Ian Campbell July 24, 2014, 4:41 p.m. UTC | #5
On Thu, 2014-07-24 at 15:48 +0100, Stefano Stabellini wrote:
> On Wed, 23 Jul 2014, Ian Campbell wrote:
> > On Wed, 2014-07-23 at 15:45 +0100, Stefano Stabellini wrote:
> > > On Thu, 17 Jul 2014, Ian Campbell wrote:
> > > > On Thu, 2014-07-10 at 19:13 +0100, Stefano Stabellini wrote:
> > > > > We need to take special care when migrating irqs that are already
> > > > > inflight from one vcpu to another. See "The effect of changes to an
> > > > > GICD_ITARGETSR", part of chapter 4.3.12 of the ARM Generic Interrupt
> > > > > Controller Architecture Specification.
> > > > > 
> > > > > The main issue from the Xen point of view is that the lr_pending and
> > > > > inflight lists are per-vcpu. The lock we take to protect them is also
> > > > > per-vcpu.
> > > > > 
> > > > > In order to avoid issues, if the irq is still lr_pending, we can
> > > > > immediately move it to the new vcpu for injection.
> > > > > 
> > > > > Otherwise if it is in a GICH_LR register, set a new flag
> > > > > GIC_IRQ_GUEST_MIGRATING, so that we can recognize when we receive an irq
> > > > > while the previous one is still inflight (given that we are only dealing
> > > > > with hardware interrupts here, it just means that its LR hasn't been
> > > > > cleared yet on the old vcpu).  If GIC_IRQ_GUEST_MIGRATING is set, we
> > > > > only set GIC_IRQ_GUEST_QUEUED and interrupt the old vcpu. To know which
> > > > > one is the old vcpu, we introduce a new field to pending_irq, called
> > > > > vcpu_migrate_from.
> > > > > When clearing the LR on the old vcpu, we take special care of injecting
> > > > > the interrupt into the new vcpu. To do that we need to release the old
> > > > > vcpu lock before taking the new vcpu lock.
> > > > 
> > > > I still think this is an awful lot of complexity and scaffolding for
> > > > something which is rare on the scale of things and which could be almost
> > > > trivially handled by requesting a maintenance interrupt for one EOI and
> > > > completing the move at that point.
> > > 
> > > Requesting a maintenance interrupt is not as simple as it looks:
> > > - ATM we don't know how to edit a living GICH_LR register, we would have
> > > to add a function for that;
> > 
> > That doesn't sound like a great hardship.

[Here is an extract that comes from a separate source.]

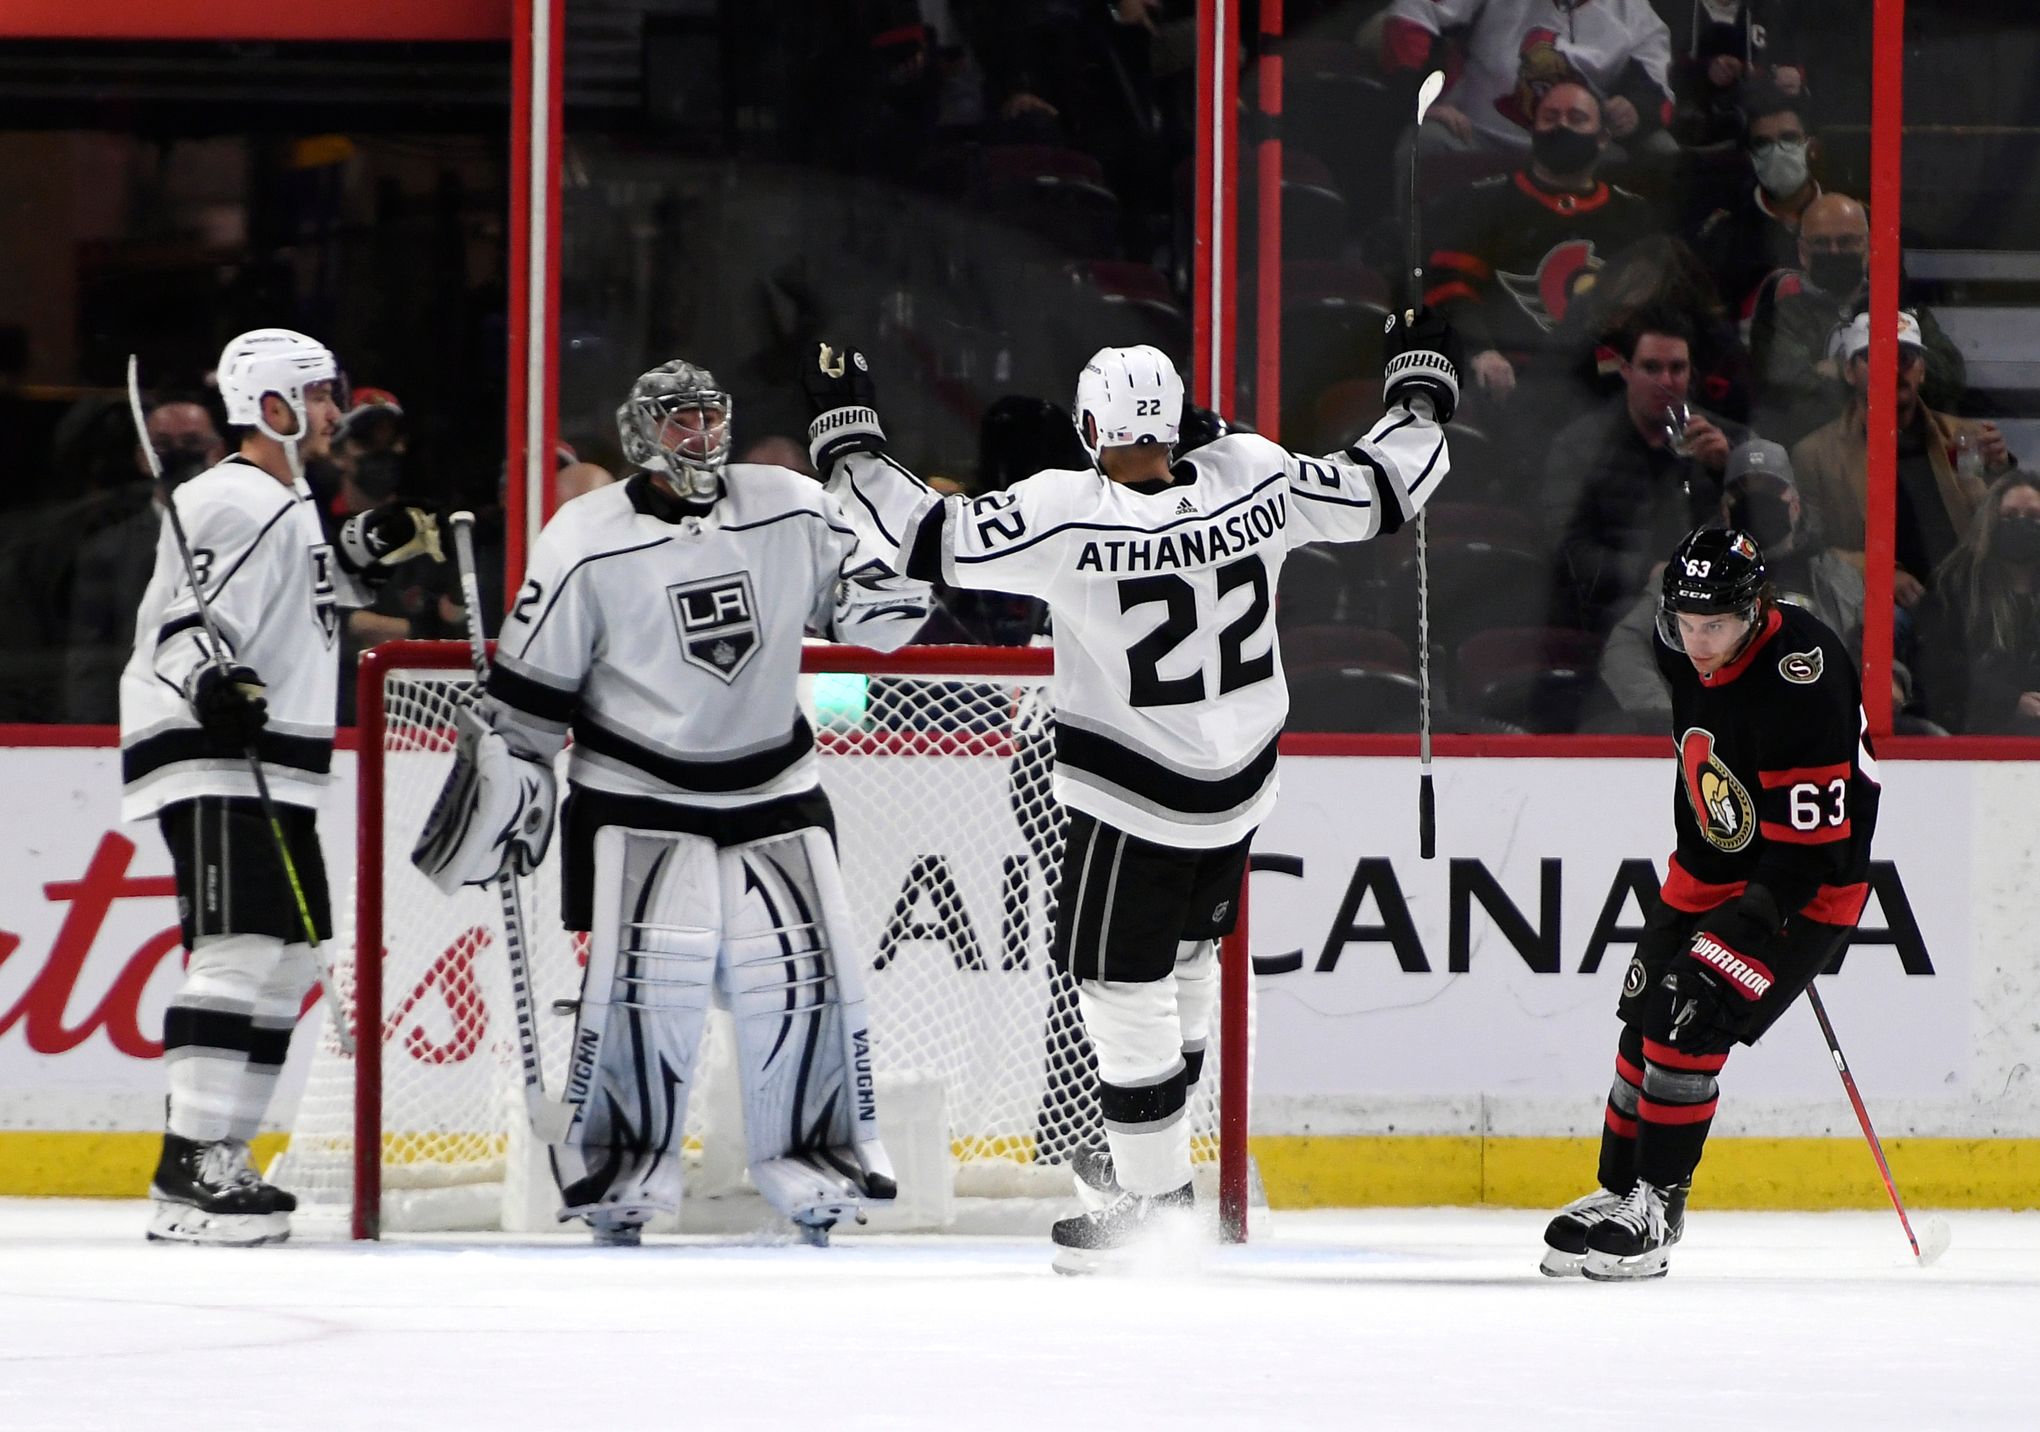 Quick stops 32 shots, Kings beat Sens 2-0 for 7th win a row - Seattle Sports

Perhaps you can reuse the
> > setter function anyhow.
> > 
> > > - if we request a maintenance interrupt then we also need to EOI the
> > > physical IRQ, that is something that we don't do anymore (unless
> > > PLATFORM_QUIRK_GUEST_PIRQ_NEED_EOI but that is another matter). We would
> > > need to understand that some physical irqs need to be EOI'ed by Xen and
> > > some don't.
> > 
> > I was thinking the maintenance interrupt handler would take care of
> > this.
> 
> In that case we would have to resurrect the code to loop over the
> GICH_EISR* registers from maintenance_interrupt.
> Anything can be done, I am just pointing out that this alternative
> approach is not as cheap as it might sound.

It's simple though, that's the benefit.

> > > Also requesting a maintenance interrupt would only guarantee that the
> > > vcpu is interrupted as soon as possible, but it won't save us from
> > > having to introduce GIC_IRQ_GUEST_MIGRATING.
> > 
> > I didn't expect GIC_IRQ_GUEST_MIGRATING to go away. If nothing else you
> > would need it to flag to the maintenance IRQ that it needs to EOI
> > +complete the migration.
> > 
> > >  It would only let us skip
> > > adding vcpu_migrate_from and the 5 lines of code in
> > > vgic_vcpu_inject_irq.
> > 
> > And the code in gic_update_one_lr I think, and most of
> > vgic_vcpu_inject-cpu.
> > And more than the raw lines of code the
> > *complexity* would be much lower.
> 
> I don't know about the complexity. One thing is to completely get rid of
> maintenance interrupts. Another is to get rid of them in most cases but
> not all. Having to deal both with not having them and with having them,
> increases complexity, at least in my view. It simpler to think that you
> have them all the times or never.

The way I view it is that the maintenance interrupt path is the dumb and
obvious one which is always there and can always be used and doesn't
need thinking about. Then the other optimisations are finding ways to
avoid actually using it, but can always fall back to the dumb way if
something too complex to deal with occurs.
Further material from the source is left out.